General is indeed a niche of its own. There are groups out there that are not interested in only one thing or that have just one hobby or interest. The overspecialization of everything - from TV channels to jobs to the shelf categories at your neighbourhood video store - has restored general interest as a legitimate counterbalancing niche category. Furthermore, the movement towards a knowledge-based economy, the access to new information on the internet, and the rise of uncertainty in foreign places has only increased the thirst for learning and entertainment - regardless of genre, discipline or nationality.

General interest really dismantles demographics as the primary base on which to fully make a media buying decision. Not so much because we're now operating in a marketplace of individuals and mass customization. Not so much because age cohorts, for example, are becoming more and more fragmented and increasingly less uniform in attitudes and interests. And not so much because demographics aren't still useful in helping to segment and pinpoint a target market. Rather, it is because general interest is a niche that appeals inherently to a broad and typically nebulous (but nevertheless definable) audience. At its core general interest appeals to a mindset, not to an age group or income level.
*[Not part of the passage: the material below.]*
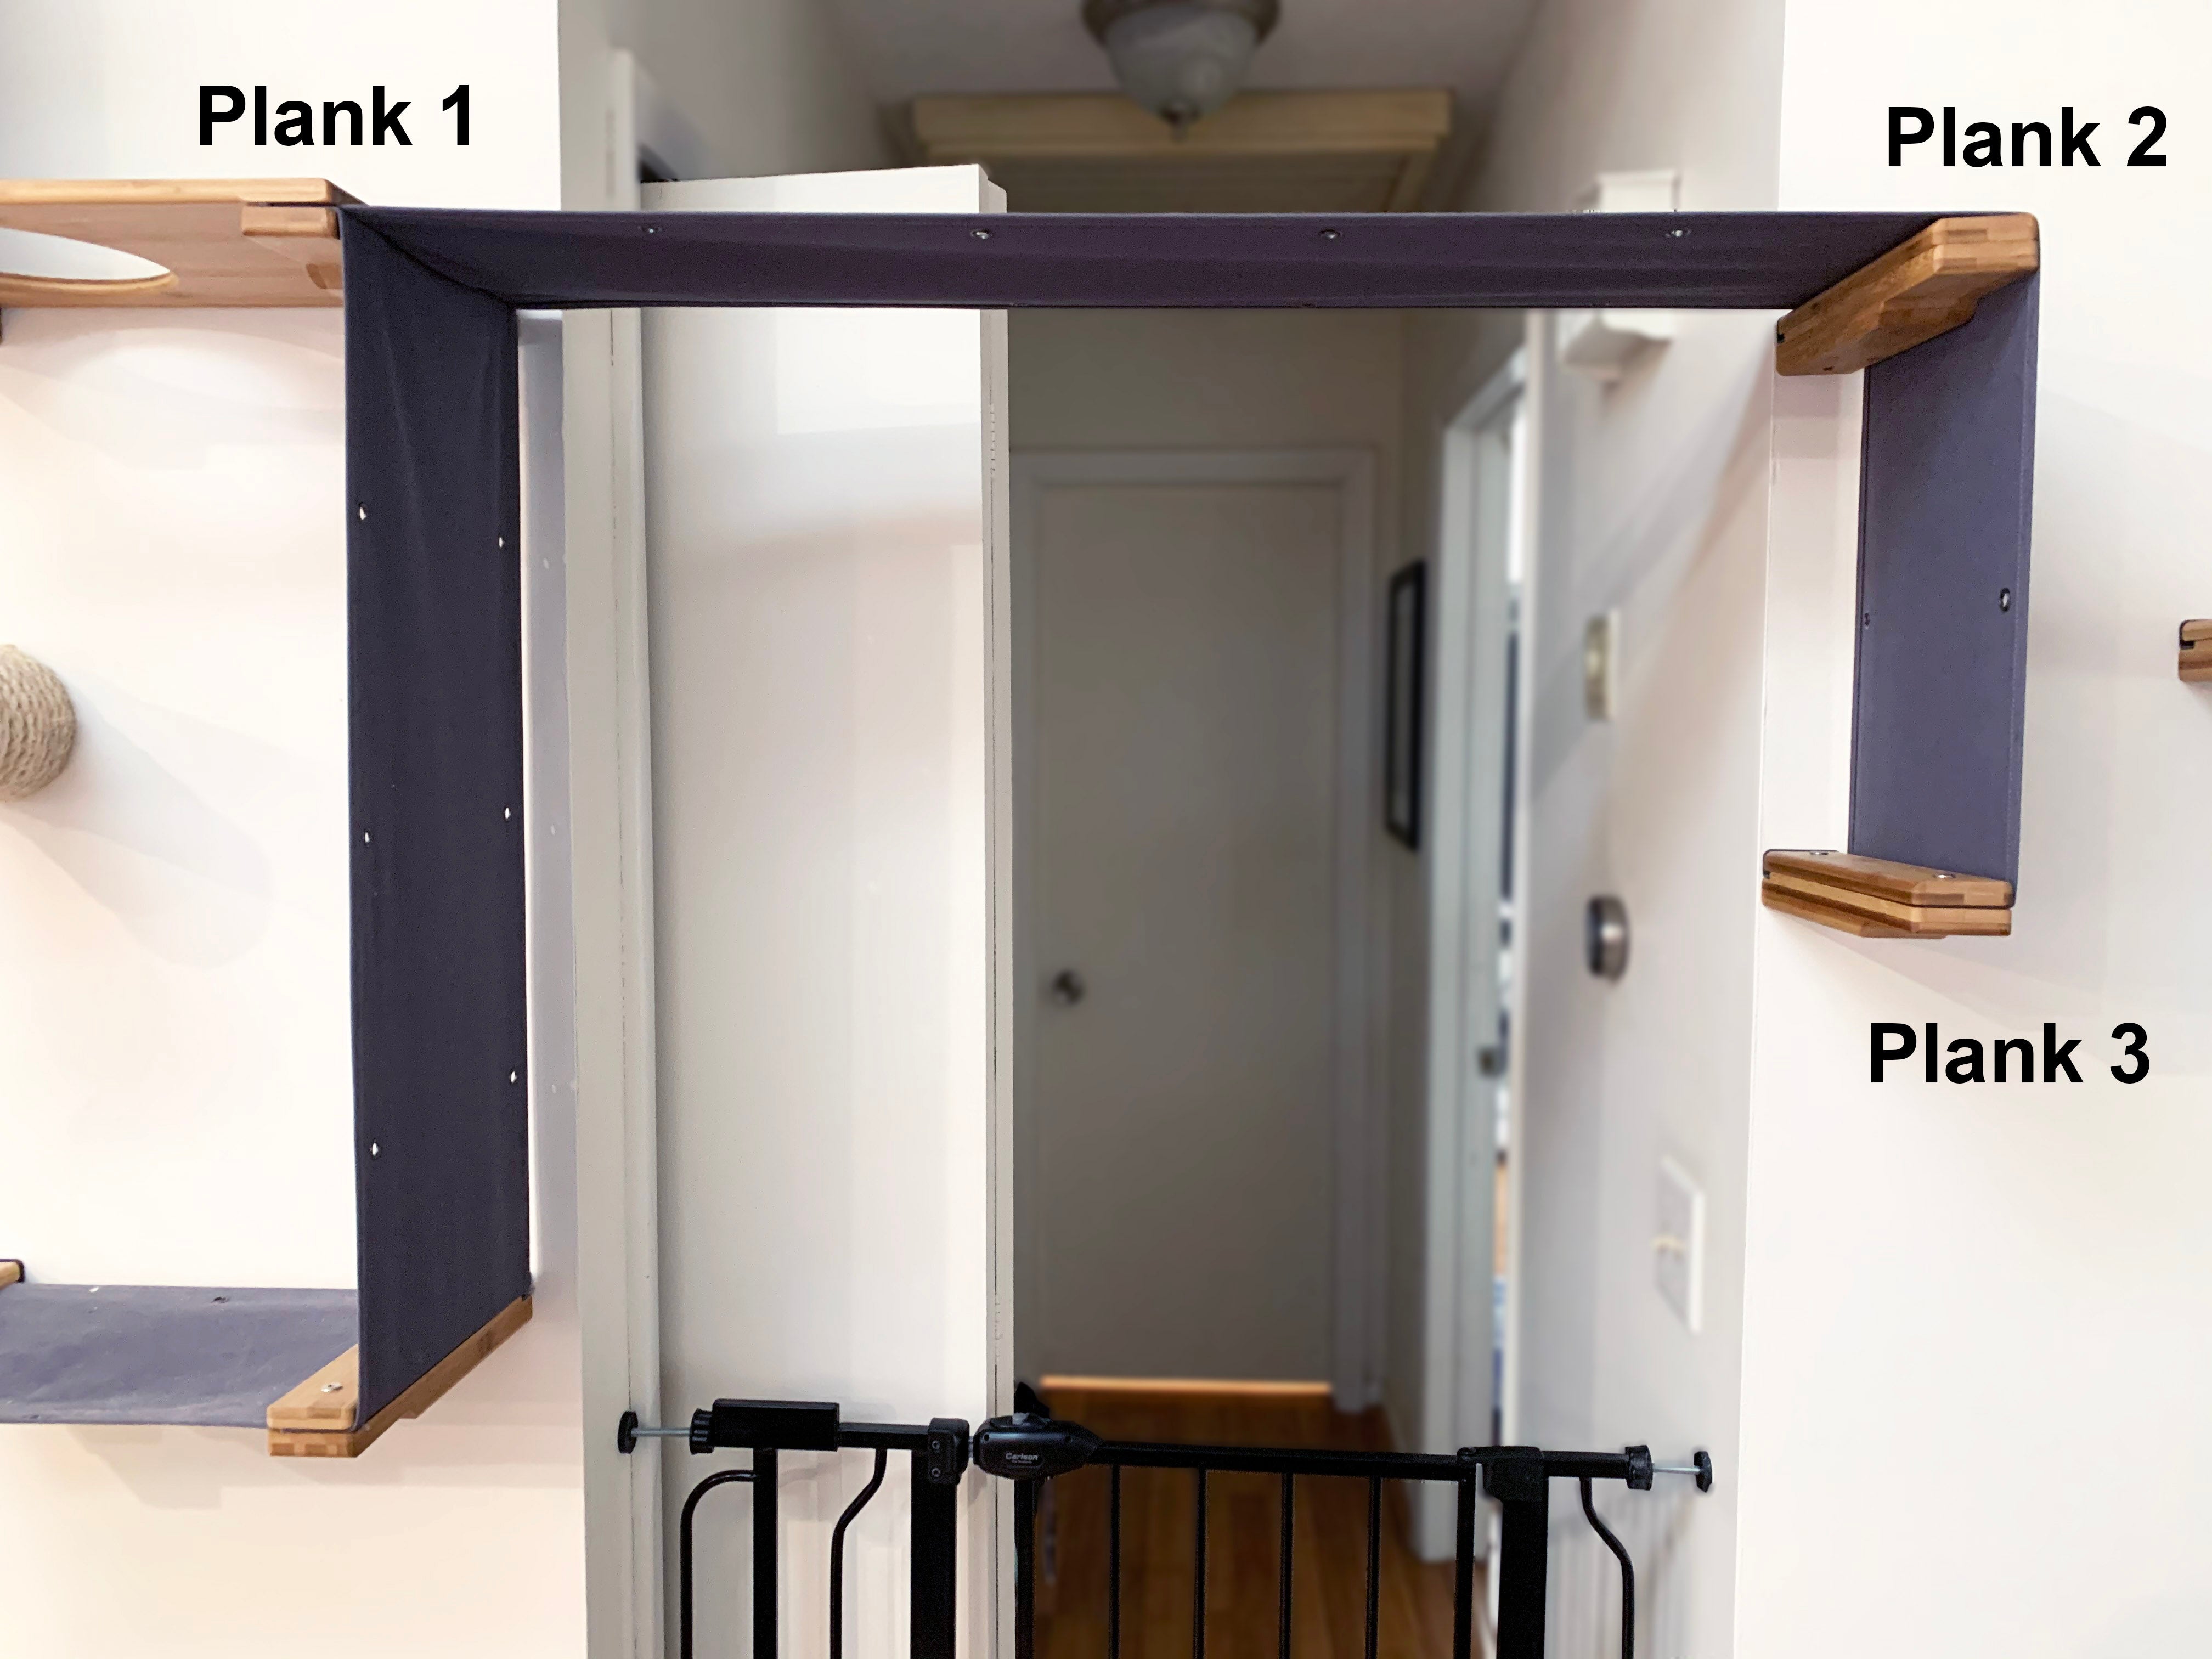 demonstration of cat wall design to extend across a hallway opening

The underlying mindset of a buyer of a general interest product like a magazine is one of eclectic curiosity. There is a joy to learning across areas of knowledge and there is a pleasure that comes from discovering things that you didn't previously know. In fact, thinkers - they're not extinct, you know - love to do this. The trendsetters and leaders of tomorrow - “Inspirationals and Connectors” (Arnold Mood & Mindset Study), “Connectors and Mavens” (The Tipping Point, Malcolm Gladwell), “The Influentials” (John Berry and Ed Keller), “First Users and 'Bigmouth' Movers and Shakers” (The Anatomy of Buzz, Emanuel Rosen) - thrive on it. It's their currency. They understand the secret to new ideas is that they are born at the intersection of diverse thoughts. A collaborative mix of different perspectives helps to cast a wider net and opens receptive minds up to the possibility of discovering those special and lucrative ideas that transform mere blocks of space into architecture, that evolve advertising beyond annoyance and that transcend film or music from lost time to time well spent.
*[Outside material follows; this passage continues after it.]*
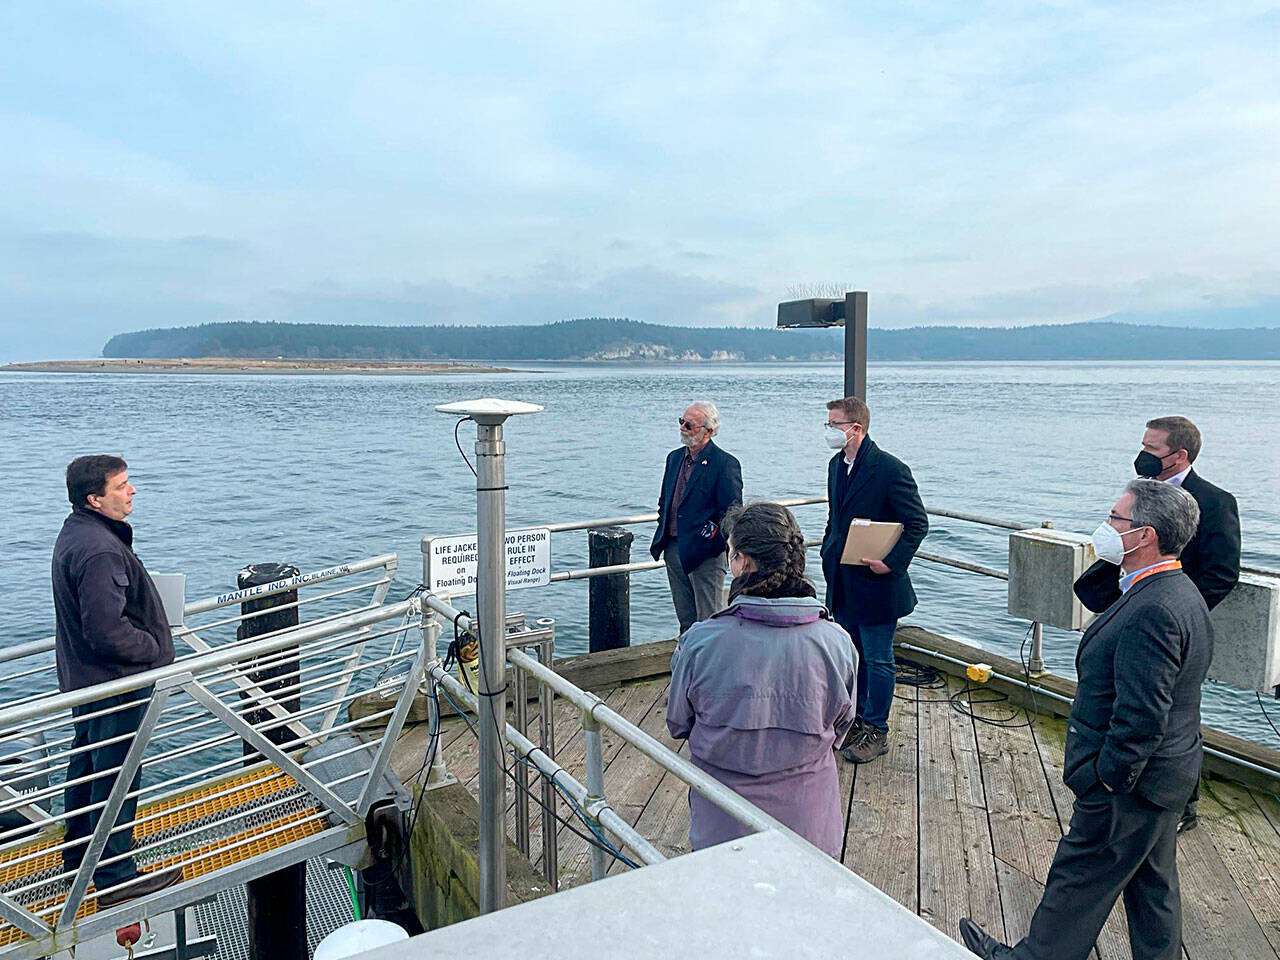 Pacific Northwest National Laboratory research scientist and dive officer John Vavrinec, left, shares details of PNNL’s work on Sequim Bay with U.S. Reps. Dan Newhouse and Derek Kilmer last week. (Photo courtesy Pacific Northwest National Laboratory)

However, simply serving up a cross-section of subjects is not enough. Curious, intelligent and sophisticated people seek out products and media sources of substance. This may seem at first to go against the stereotype of the generalist as mere dabbler or of young adults as MTV generation airheads with impossibly short attention spans, but it makes a lot of sense. In fact, the latter is exactly why good general interest magazines (ironically) are needed and it is something a good editorial team always keeps front-of-mind when creating an issue. It doesn't matter if it's life drawing or zoning out listening to your favourite tune or reading a 7000 word article about the latest dance craze, when you go into that zone and you're really engaged by something it's actually a relief for your mind. Focusing and concentrating on something is very, very good. When you finish it you actually feel refreshed. And you feel better about yourself because you've learned something new. You've focused on something instead of having that sort of ADD quality that we do today by flipping around the TV or doing ten things at once.

Ultimately, that's the tricky balance to creating and marketing general interest. It has nothing to do with lacking focus or spreading oneself too thin, but rather is to be both wide ranging enough to capture the beauty of diversity and yet still be satisfyingly substantial.